Note that a replacement rule can match a pattern in multiple places,
generating a new pattern for each distinct combination of matches.

An example
----------

Consider the following simple MPL file.

# Match rules

match @AGENT = Entity[a-z]{1,2}
match @TARGET = Entity[a-z]{1,2}

# Pattern rules

pattern
VB~~activate
        ( nsubj NN~~@AGENT )
        ( dobj NN~~@TARGET )
end

# Replacement rules

replace VB~~activate = VBZ~~activates

replace NN~~@TARGET = expression ( prep_of NN~~@TARGET )

The match rules define regular expressions to identify the agent and target
in the placeholder form 'Entityaa', i.e. any placeholder composed of the
string 'Entity' and two lower-case letters.

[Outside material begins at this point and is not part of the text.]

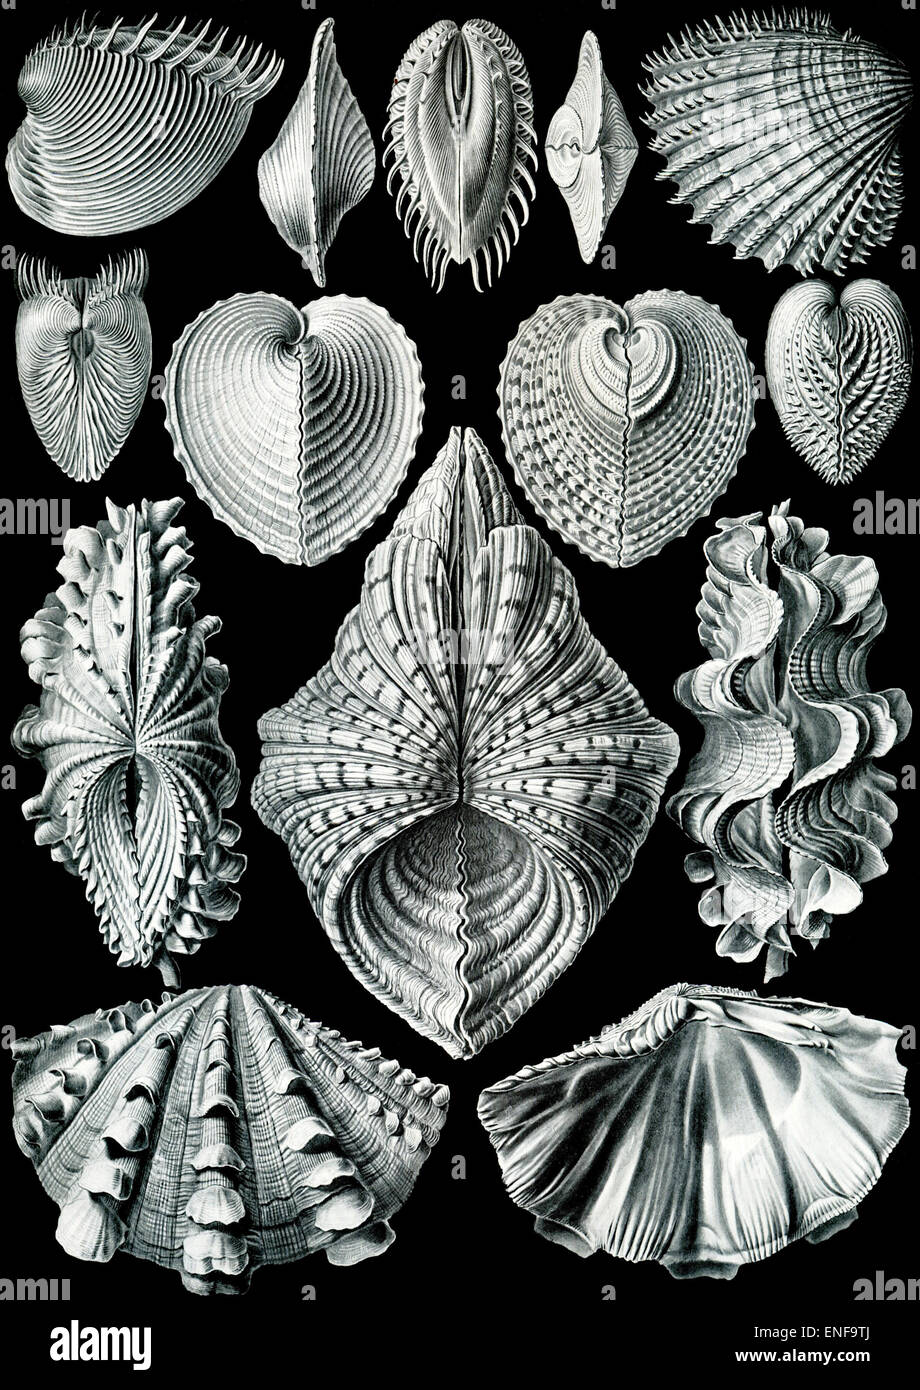 Acephala Bivalvia (mollusques), par Ernst Haeckel, 1904 - éditorial uniquement. Banque D'Images
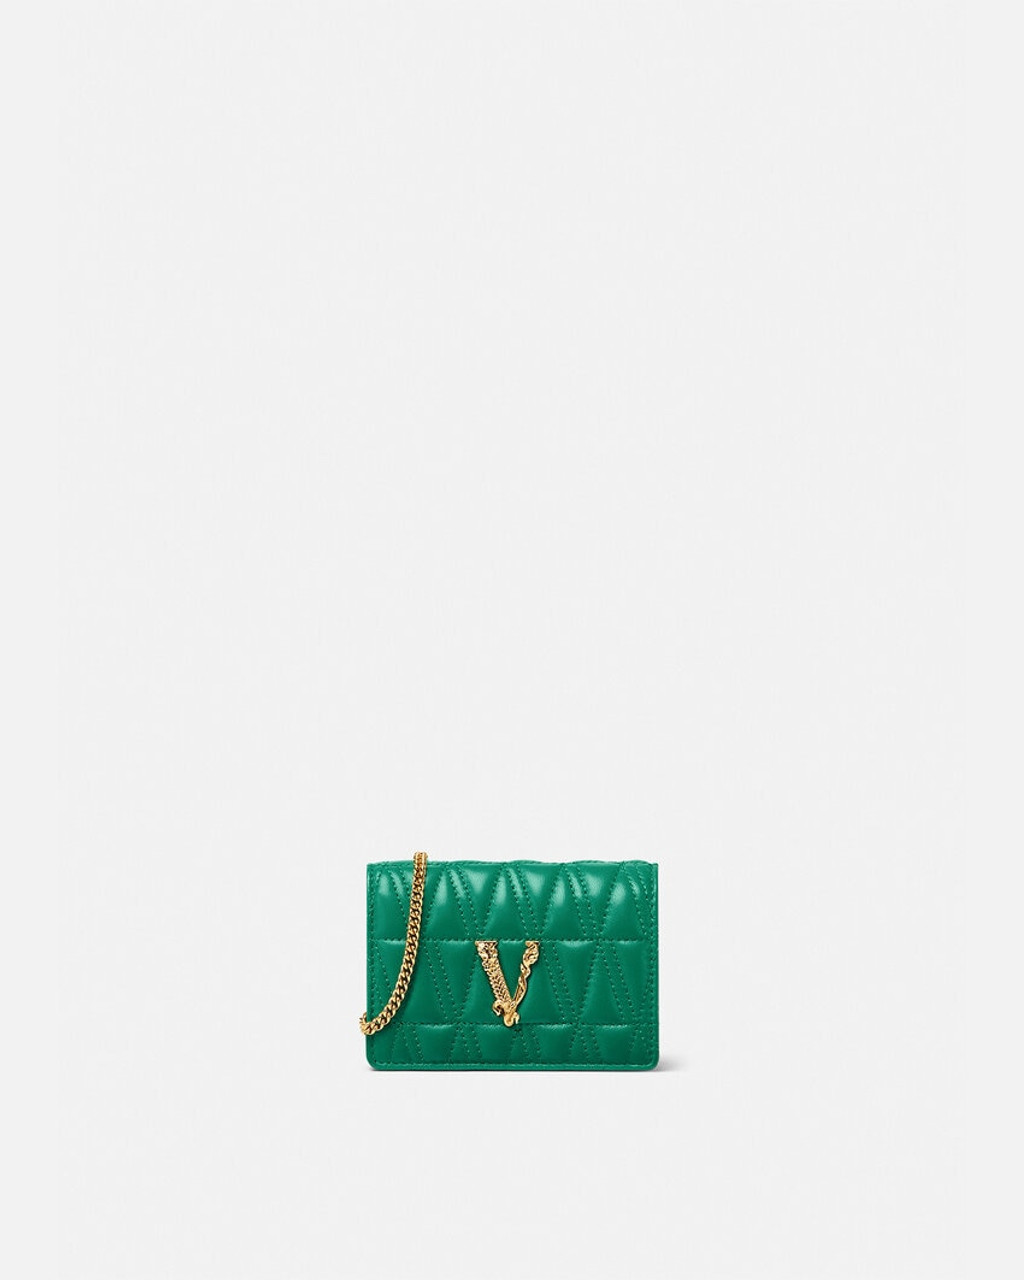 5 bags : - RENOUARD orange leather bag, with bow ; - gre… | MoniteurLive.com

This is the minimum set of
variables required to retrieve interactions. In the current implementation,
the two variables '@AGENT' and '@TARGET' are treated differently from other
variables, in that their bindings in successfully-matched patterns are
saved and used to generate interactions.

The pattern rule matches just the simple fragment 'Entityaa activate
Entitybb'. The first replacement rule generates another pattern which
matches 'Entityaa activates Entitybb', while the second replaces the whole
target node with a prepositionally-modified noun. This is applied to both
the original pattern and the new one generated by the first replacement
rule, resulting in two new patterns that match 'Entityaa activate
expression of Entitybb' and 'Entityaa activates expression of Entitybb'.